* [Task instructions]:
What is wanted is the full listing, word for word, without its pictures.

* [Raw data]:
★ ★ ★ ★ ★
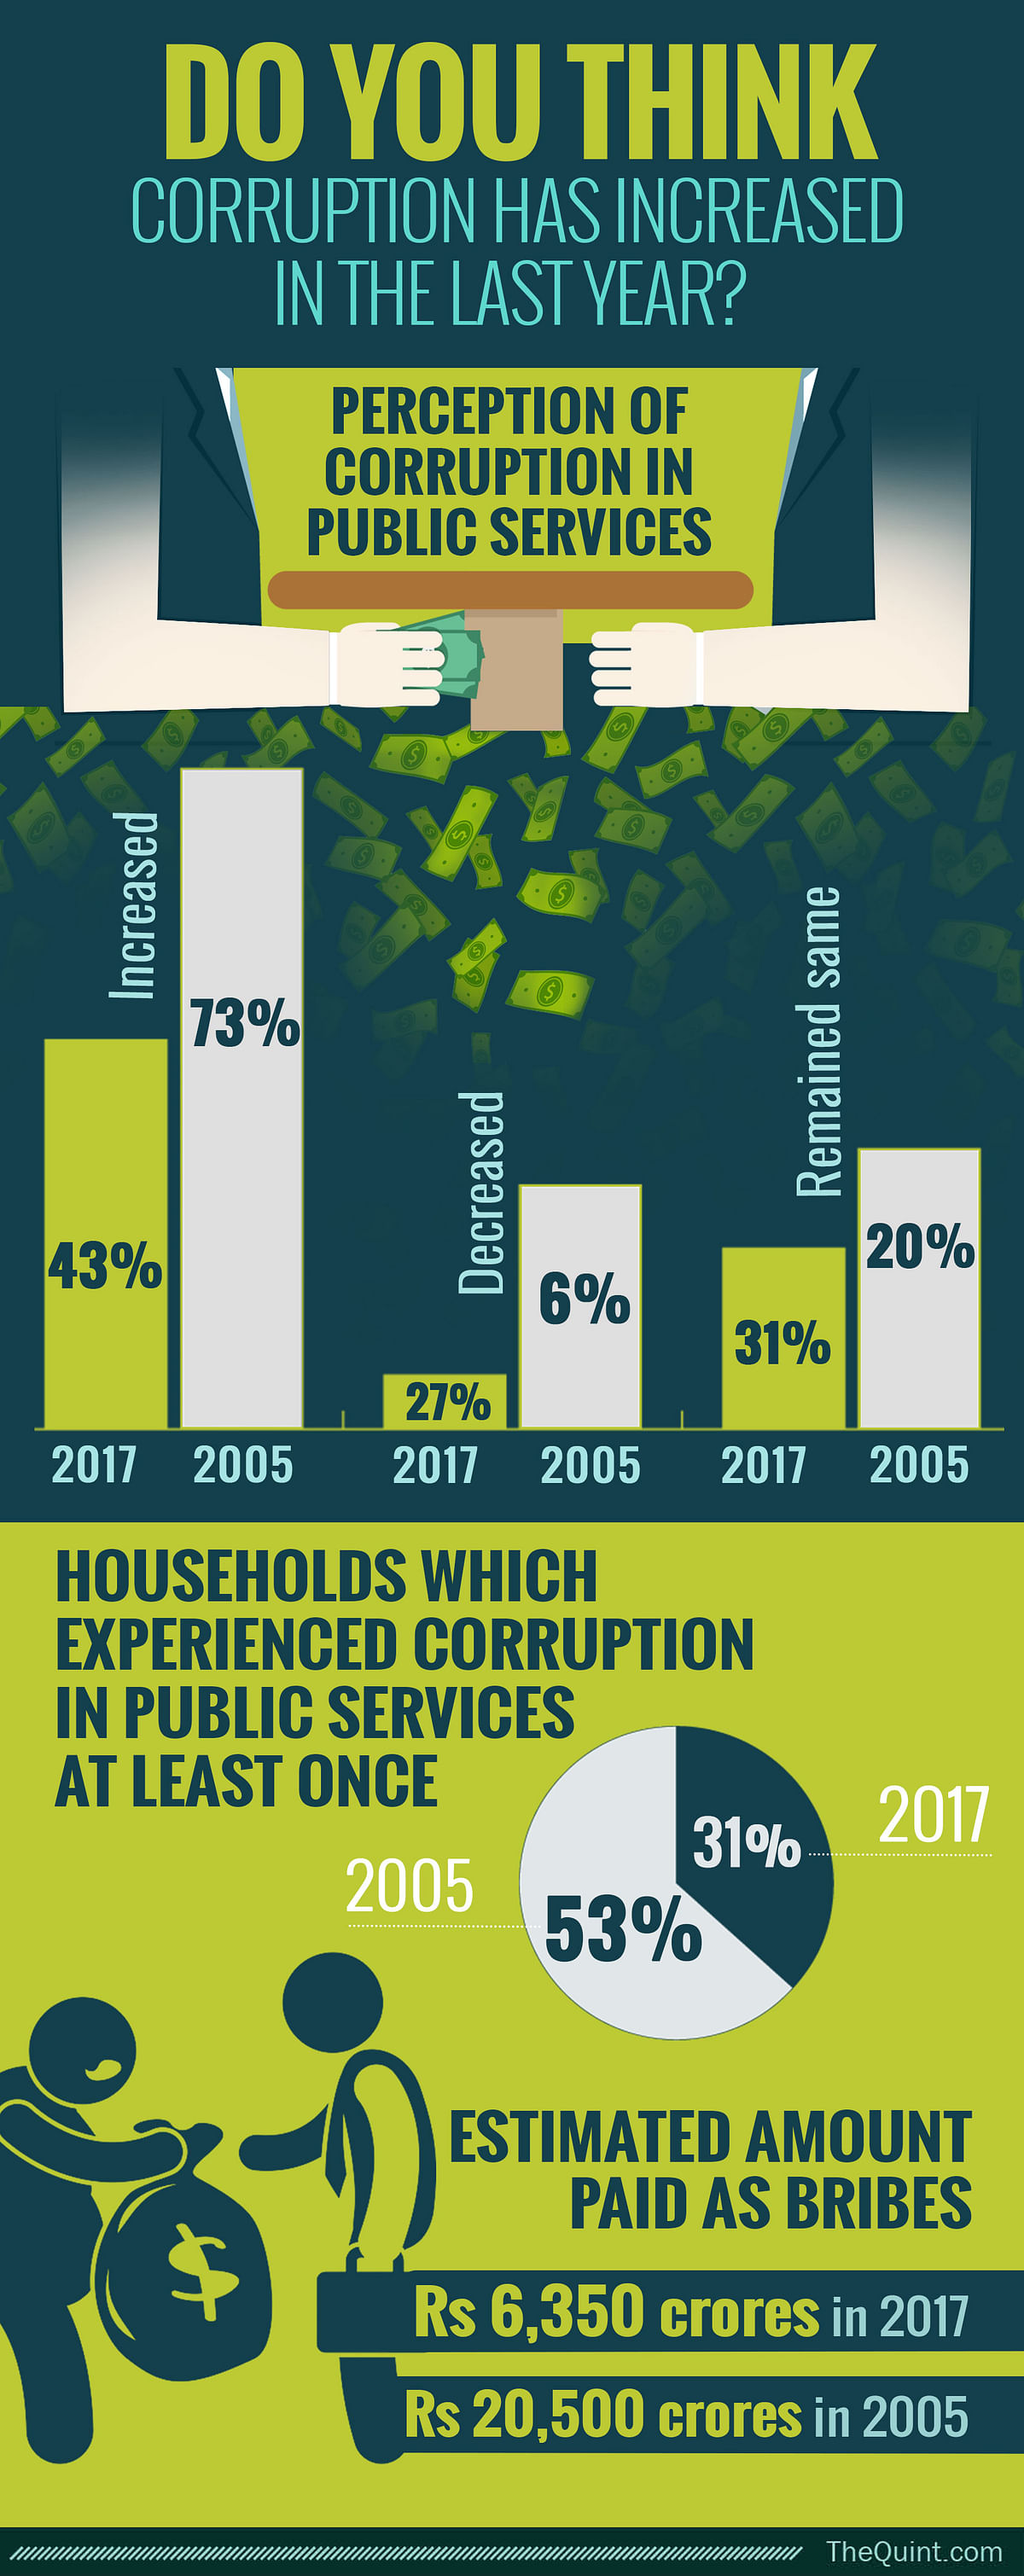 

Nearly 43% of households feel that  level of corruption in public services has increased in the past one year.
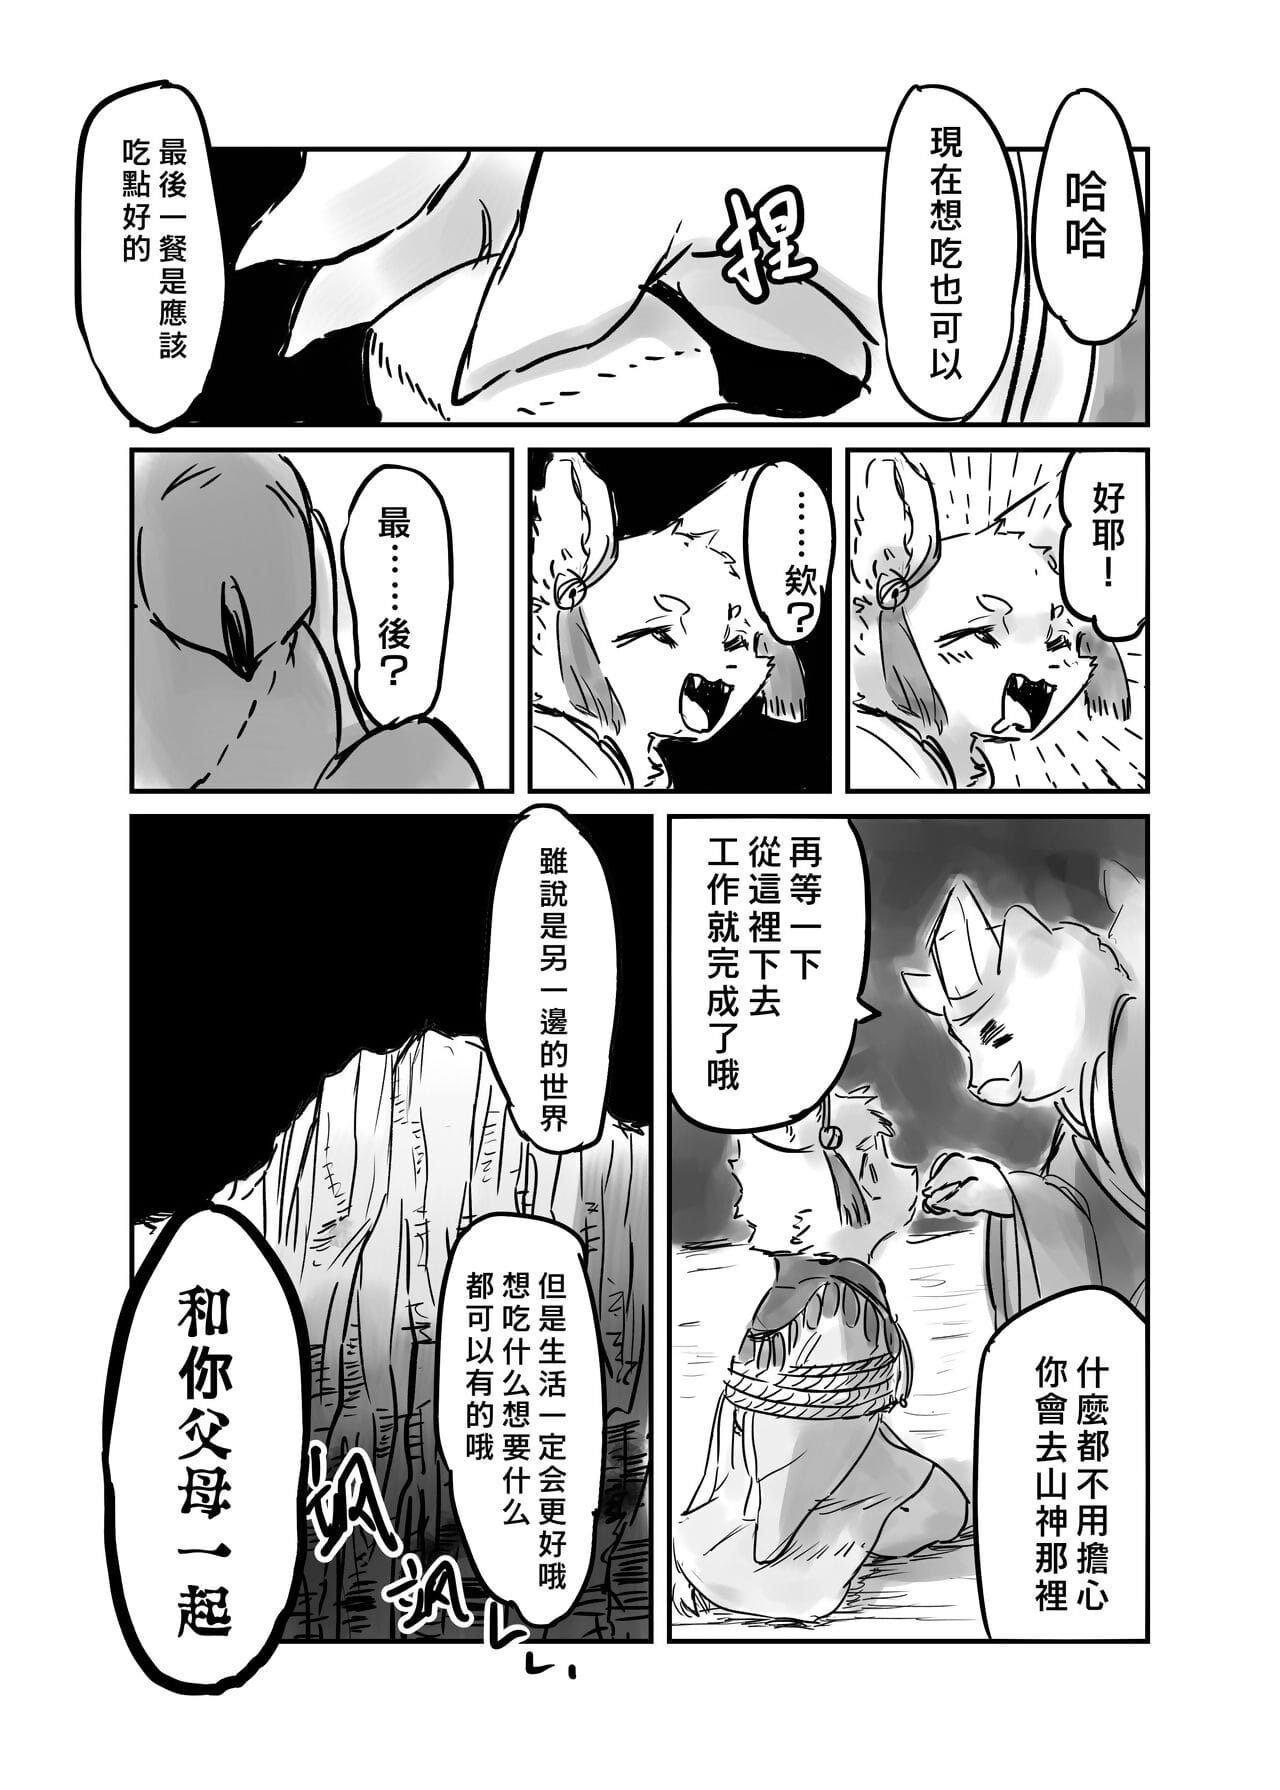 （the زائر 他乡之人 by：鬼流 جزء 3 page 1
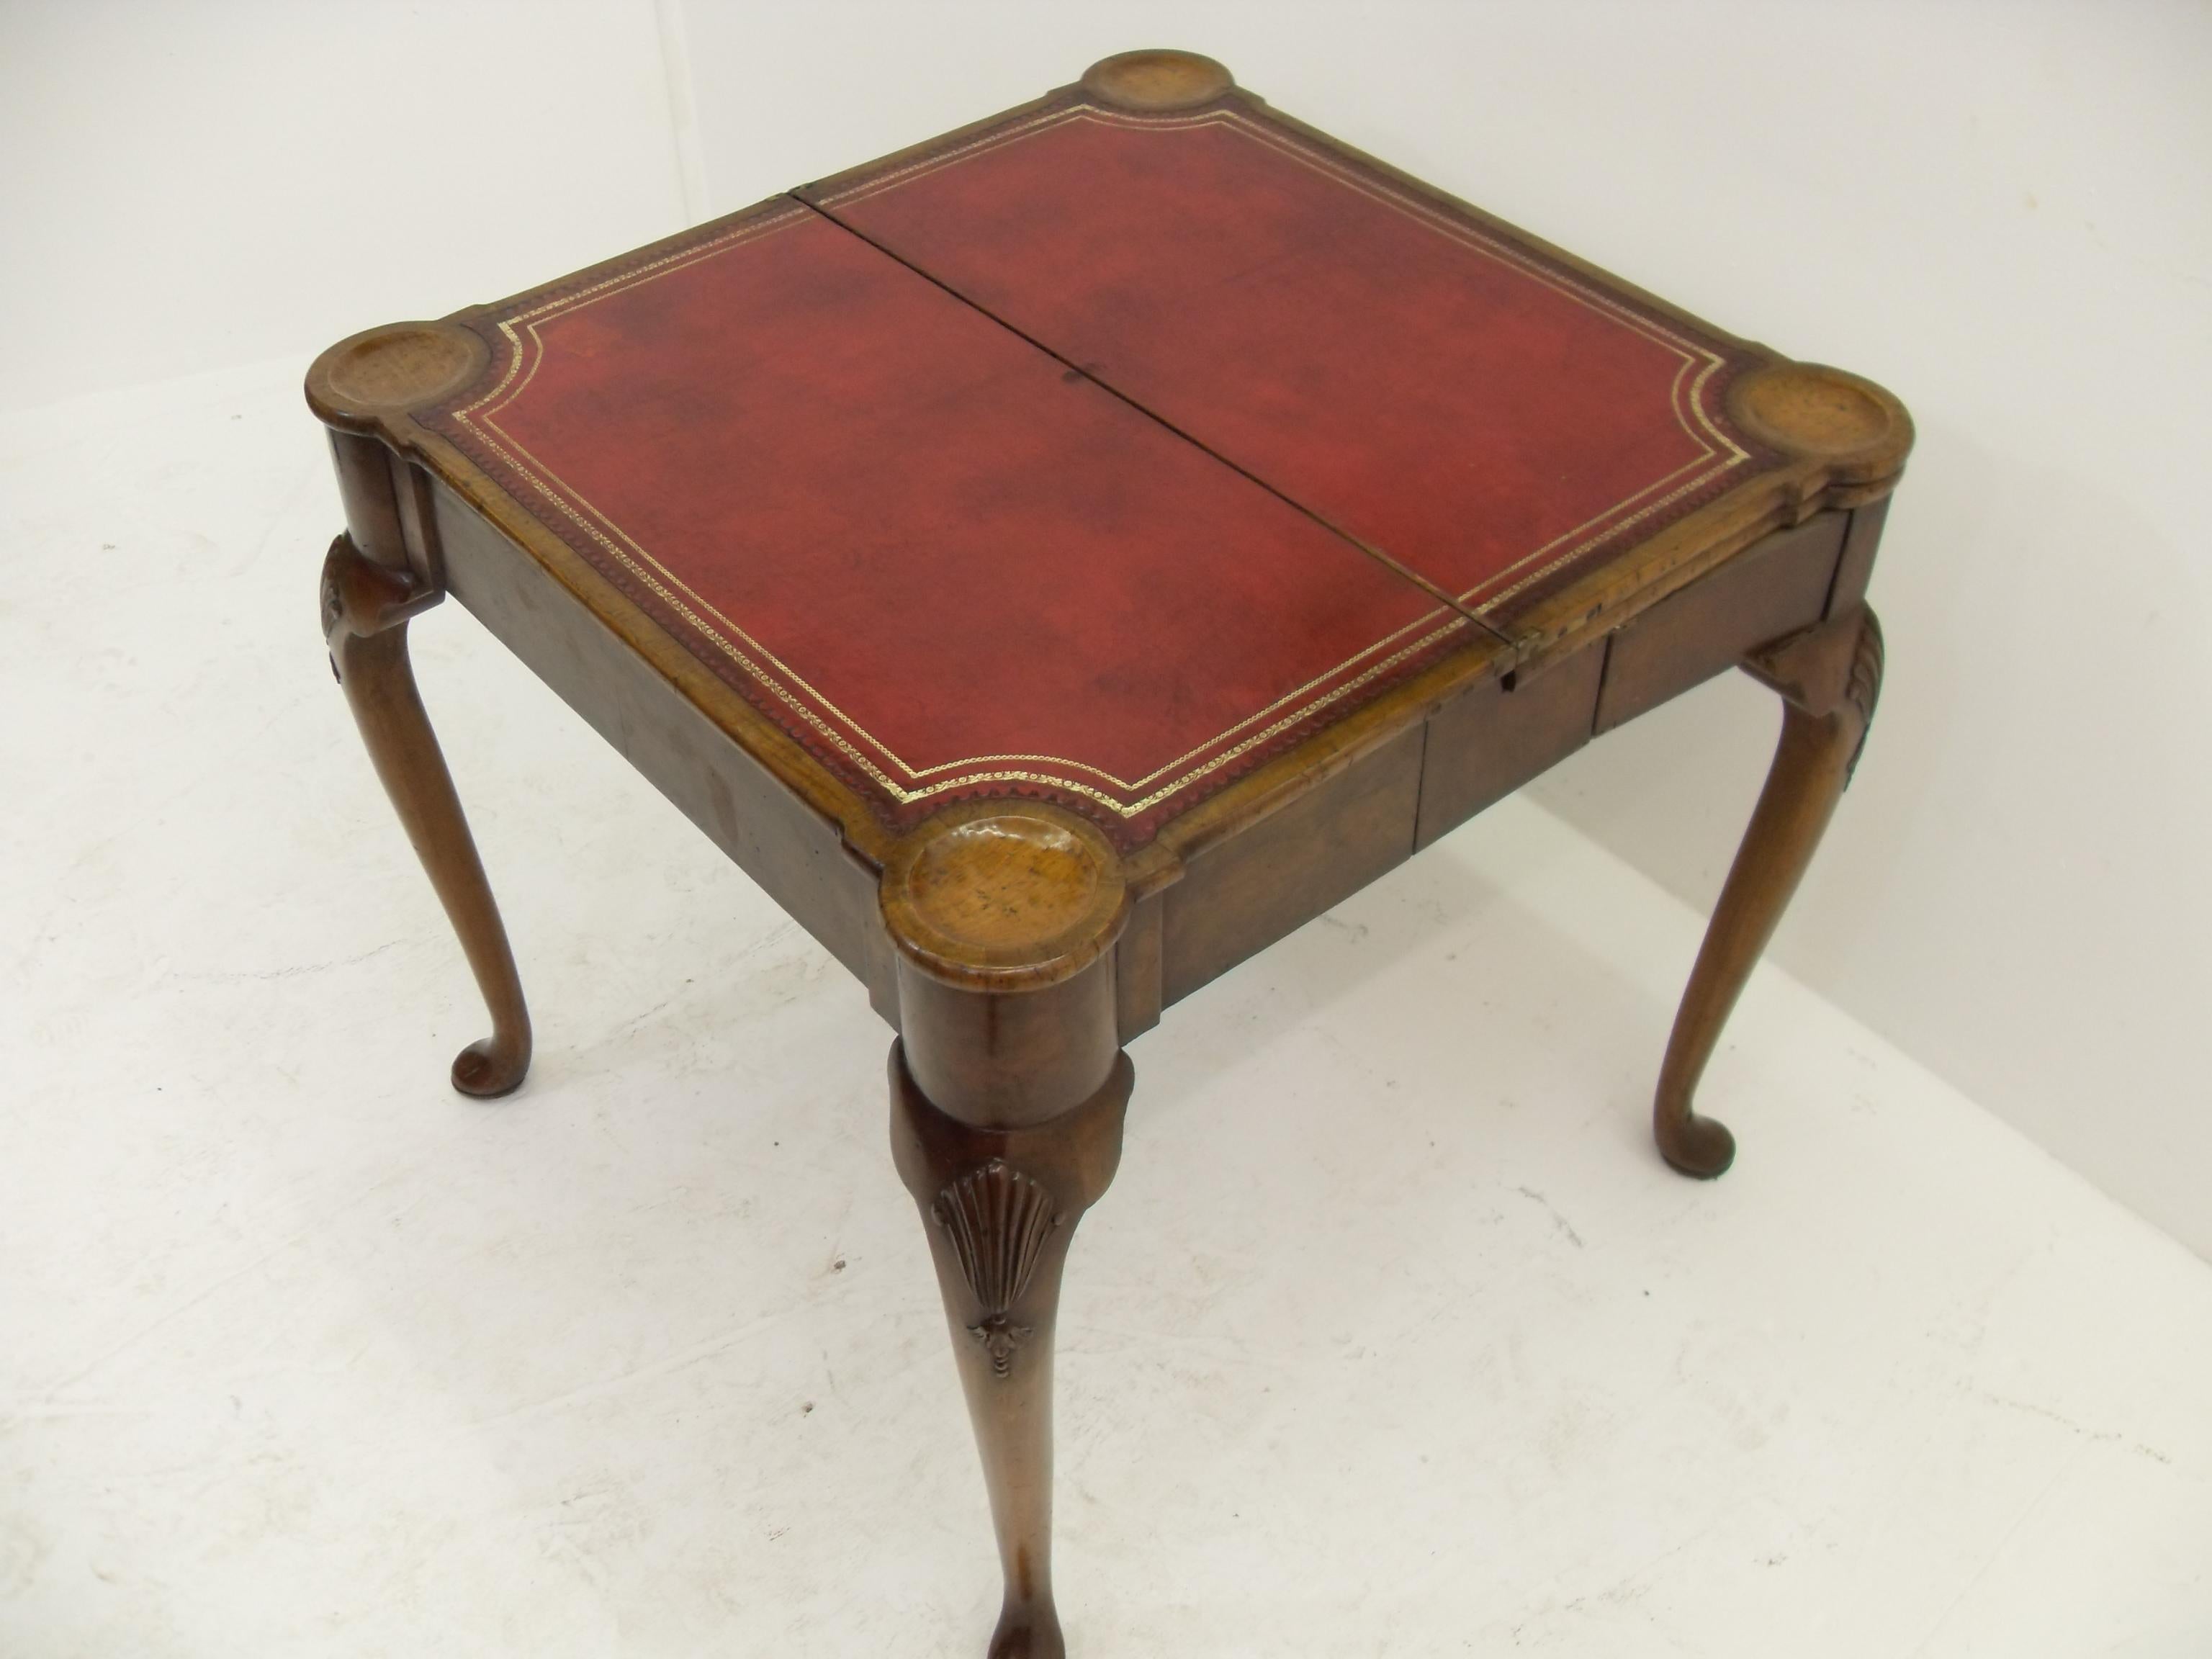 A triple layer George II style mahogany card or tea table, with a concertina action to the legs. The top unfolding to reveal a tea table with polished walnut top, opening again to reveal a card table with carved guinea wells and a gilt leather
★ ★ ★ ★ ★
* [Reply]:
Nearly 43% of households feel that  level of corruption in public services has increased in the past one year.
 （the زائر 他乡之人 by：鬼流 جزء 3 page 1
 A triple layer George II style mahogany card or tea table, with a concertina action to the legs. The top unfolding to reveal a tea table with polished walnut top, opening again to reveal a card table with carved guinea wells and a gilt leather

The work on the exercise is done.